# A proven reoffending study of individuals managed under the multi-agency public protection arrangements (MAPPA) in England and Wales

**Authors:** Samantha Lundrigan, Natalie Mann, David Specht, Lea C. Kamitz

PMC · DOI: 10.3389/fpsyg.2024.1371023 · Frontiers in Psychology · 2024-04-10

## TL;DR

This study shows that the MAPPA system in England and Wales is effective in reducing reoffending among individuals managed under it.

## Contribution

The study provides the best evidence to date that MAPPA may reduce both serious and less serious offenses.

## Key findings

- Proven reoffending rates for MAPPA-managed individuals are lower than national averages.
- MAPPA appears effective in managing individuals with sexual and violent offenses.
- MAPPA may also help reduce less serious offenses that do not involve immediate removal from society.

## Abstract

Past research into the effectiveness of multi-agency public protection arrangements (MAPPA) in reducing reoffending it limited.

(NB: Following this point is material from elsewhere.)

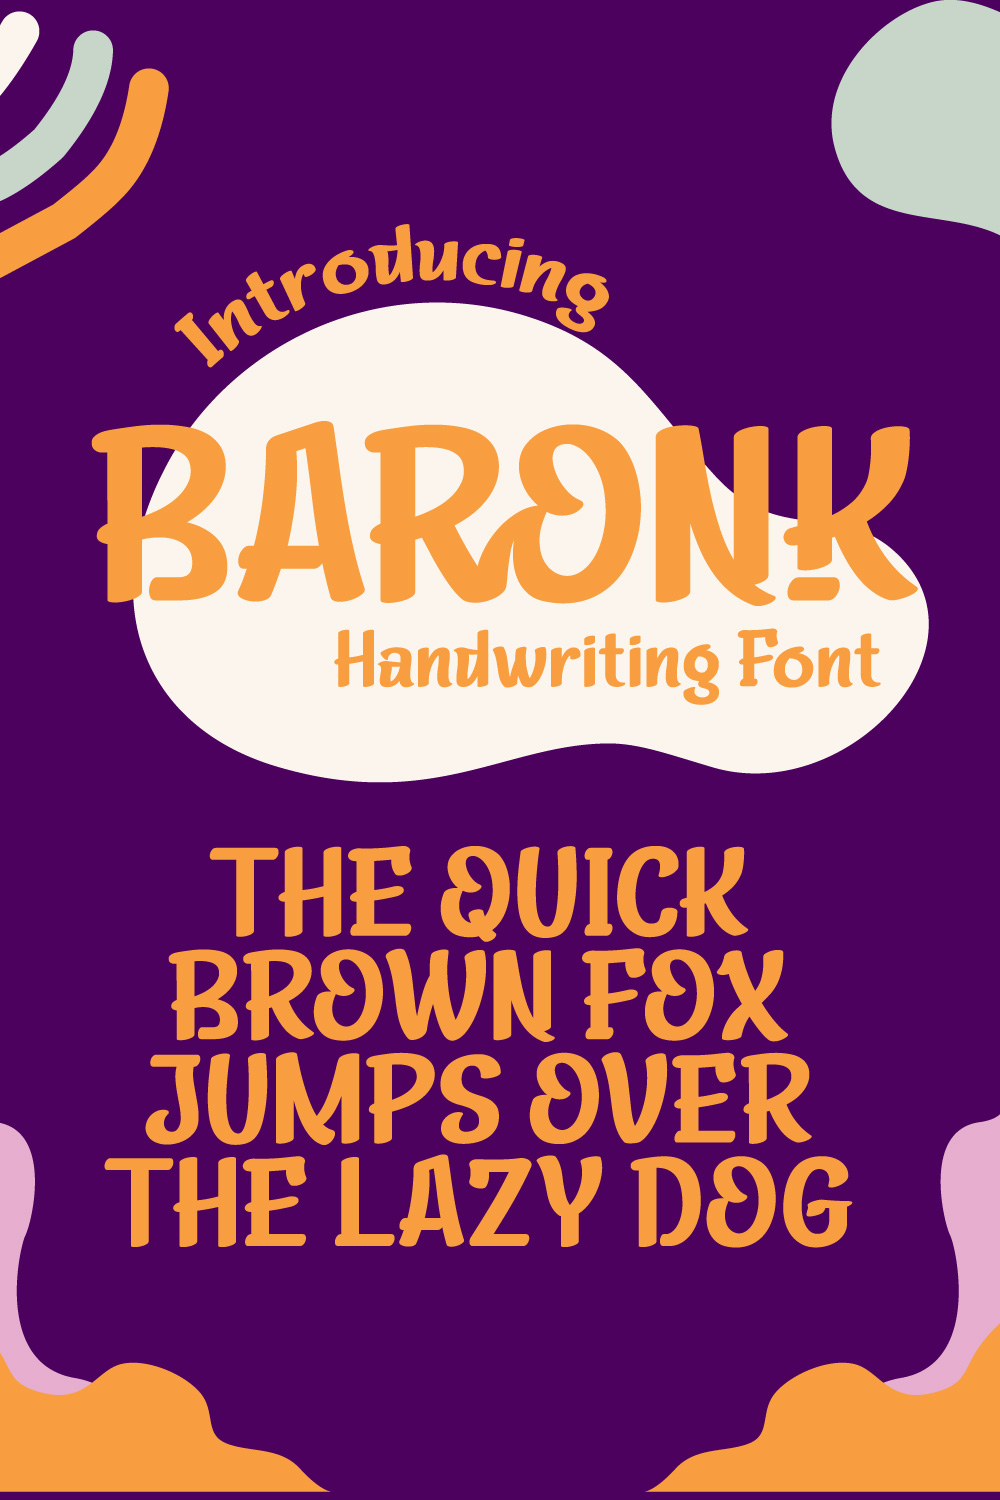 BARONK | Handwriting Display pinterest preview image.

Thus, the current study aimed to evaluate proven reoffending patterns for MAPPA managed individuals.

Proven reoffending for 39,501 MAPPA managed individuals was investigated by (1) examining patterns in the timing and frequency of proven reoffending for MAPPA managed individuals; (2) examining 1-, 3-, and 5-year proven reoffending patterns of MAPPA managed individuals by MAPPA category, age, and gender; and (3) comparing crime harm levels and recall to custody for MAPPA managed individuals pre- and post-MAPPA adoption.

Taken together, our findings show that proven reoffending rates for individuals managed under MAPPA are substantially lower than those reported in proven reoffending statistics for England and Wales.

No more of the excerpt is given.